1913 Созерцание (сборник)

Кафка Франц

Сборник «Созерцание» (Betrachtung), изданный Э.Ровольтом, вышел в 1912 году. В него включены рассказы Кафки с 1904г. Темой первого сборника становится неуверенность наблюдающего, потерянность «созерцателя», который находится «снаружи» и пытается проникнуть в сумятицу окружающих его вещей.

СОЗЕРЦАНИЕ

1. ДЕТИ НА ДОРОГЕ

Я слышал, как за садовой решеткой тарахтели телеги, а порой и видел их в слабо колышущиеся просветы листвы. Как звонко потрескивали этим звонким летом их деревянные спицы и дышла! Работники возвращались с полей, они так гоготали, что мне неловко было слушать. Я сидел на маленьких качелях, отдыхая под деревьями в саду моих родителей.

А за решеткой не унималась жизнь. Дети пробежали мимо и вмиг исчезли; груженые доверху возы с мужчинами и женщинами – кто наверху на снопах, кто сбоку на грядках – отбрасывали тени на цветочные клумбы; а ближе к вечеру я увидел прохаживающегося мужчину с палкой; несколько девушек, гулявших под руку, поклонились ему и почтительно отступили на поросшую травой обочину.

А потом в воздух взлетела, словно брызнула, стайка птиц; провожая их глазами, я видел, как они мгновенно взмыли в небо, и мне уже казалось, что не птицы поднимаются ввысь, а я проваливаюсь вниз. От овладевшей мной слабости я крепко ухватился за веревки и стал покачиваться. Но вот повеяло прохладой, и в небе замигали звезды вместо птиц – я уже раскачивался вовсю.

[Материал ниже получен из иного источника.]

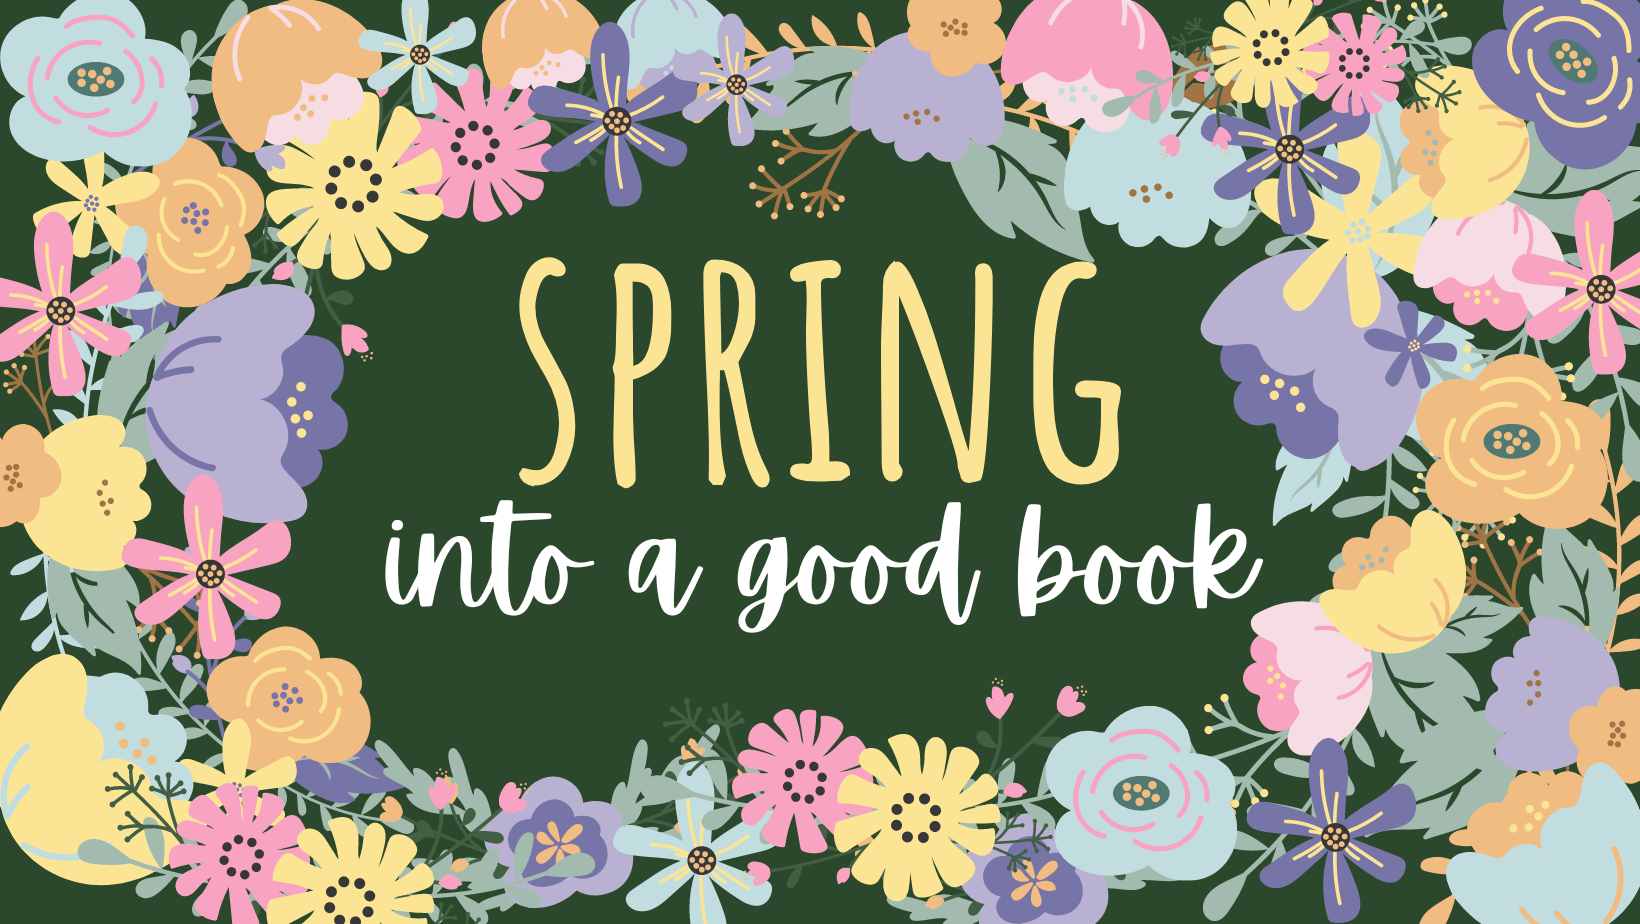 Spring into a good book
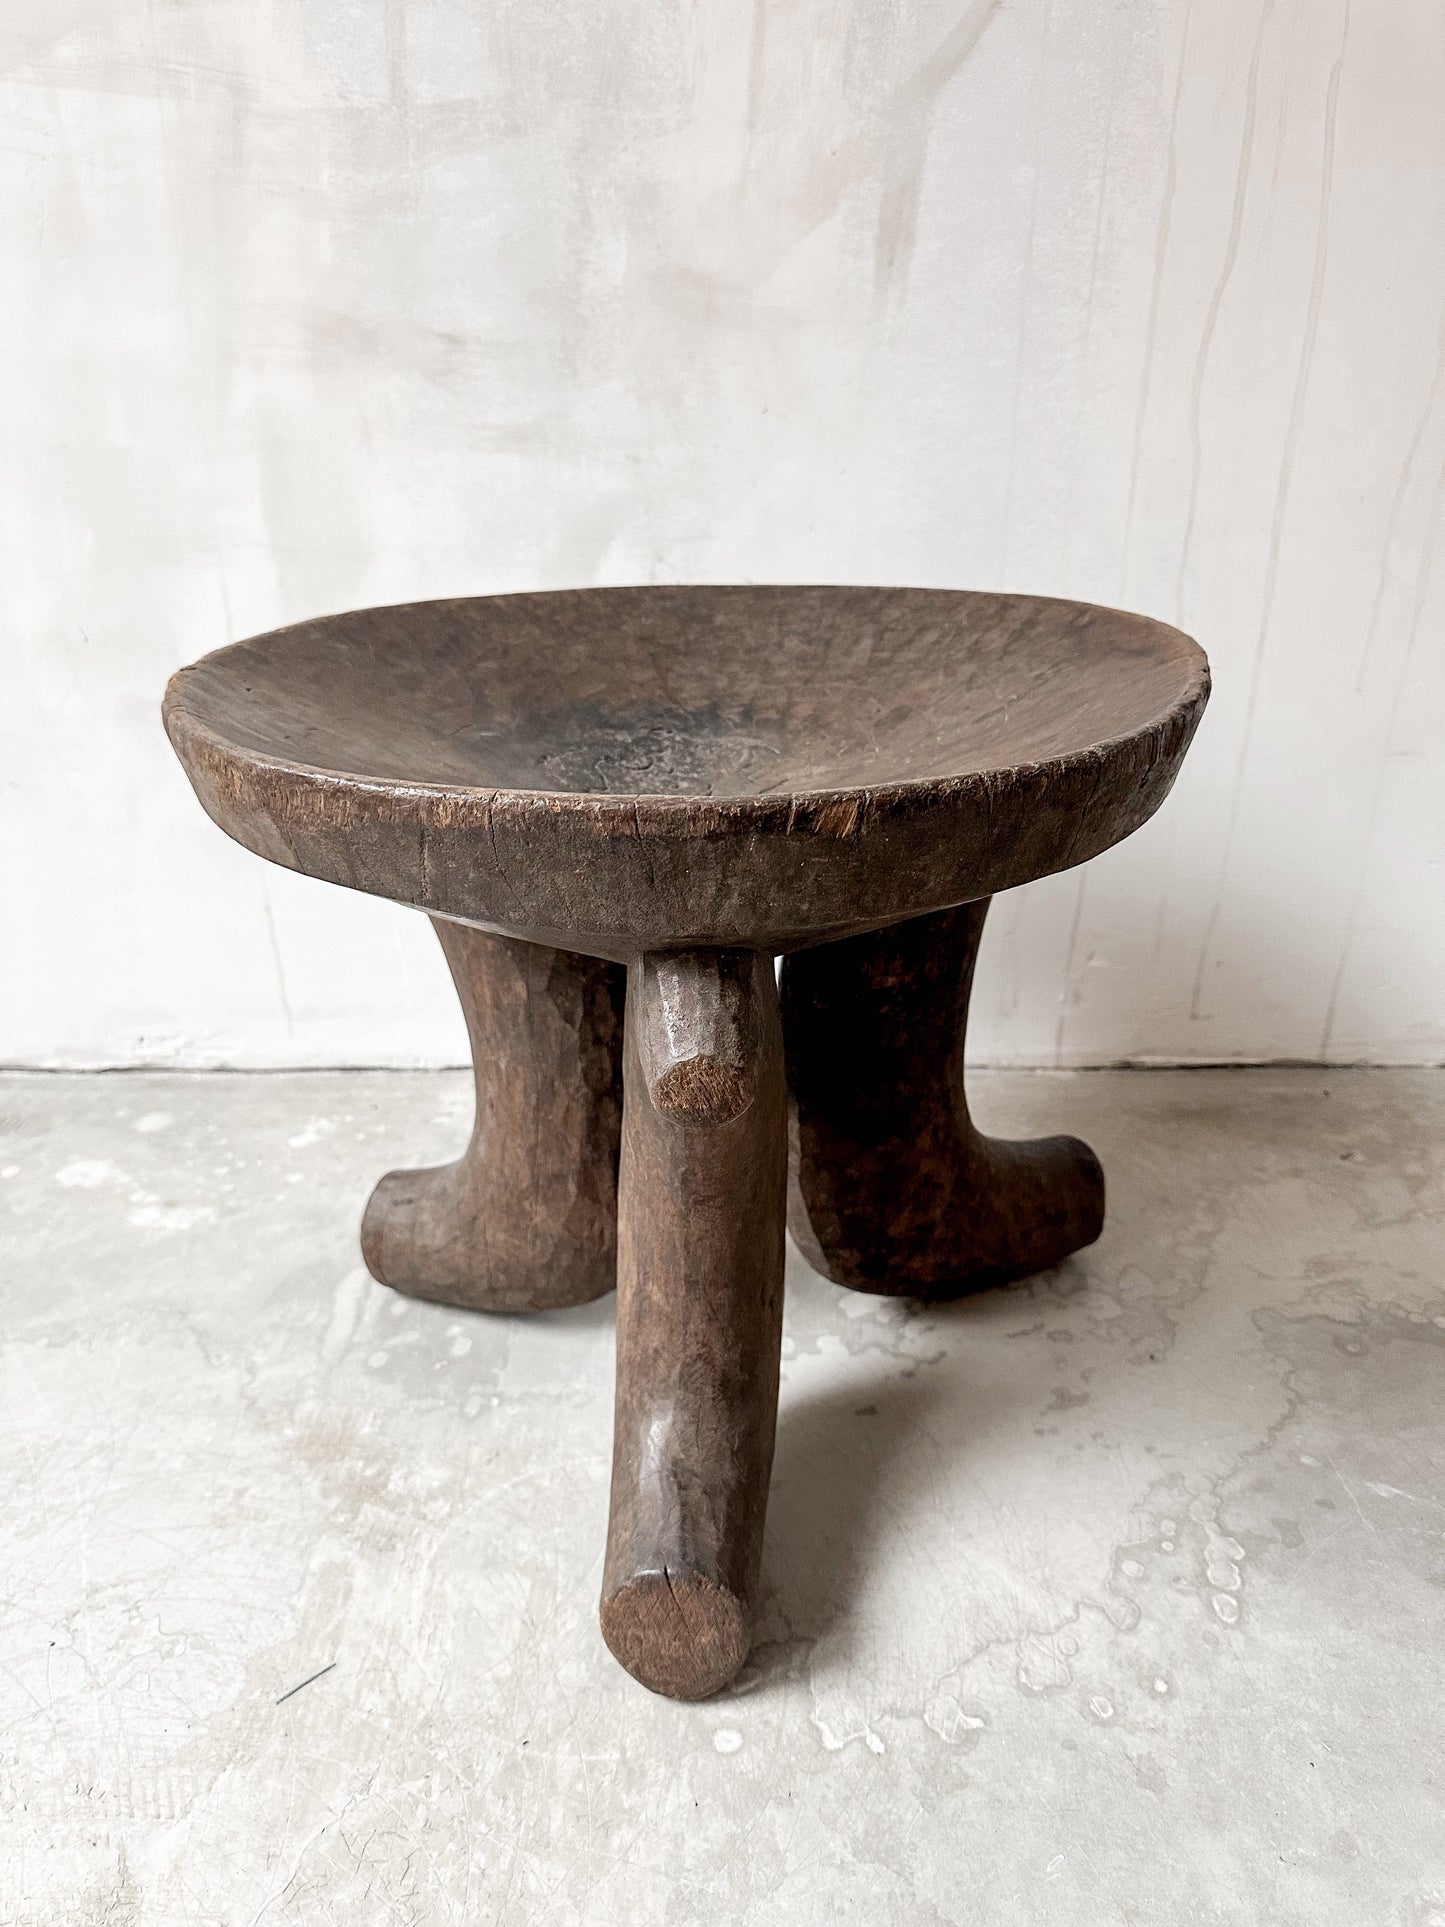 old Oromo stool #4

Ужинаю я при свече. От усталости кладу ложки на стол и вяло жую свой бутерброд. Теплый ветер раздувает сквозные занавеси, иногда кто-нибудь, проходя за окном, придерживает их, чтобы лучше меня увидеть и что-то сказать. А тут и свеча гаснет, и в тусклой дымке чадящего фитилька еще некоторое время кружат налетевшие мошки. Если кто-нибудь за окном обращается ко мне с вопросом, я гляжу на него, как глядят на далекие горы или в пустоту, да и мой ответ вряд ли его интересует.

Но если кто влезает в окно и говорит, что все в сборе перед домом, тут уж я со вздохом встаю из-за стола.

2. РАЗОБЛАЧЕННЫЙ ПРОХОДИМЕЦ

Наконец-то, часам к десяти, мы с моим спутником – я был с ним едва знаком, но он и сегодня будто невзначай за мной увязался и добрых два часа таскал меня по улицам – подошли к господскому дому, куда я был приглашен провести вечер.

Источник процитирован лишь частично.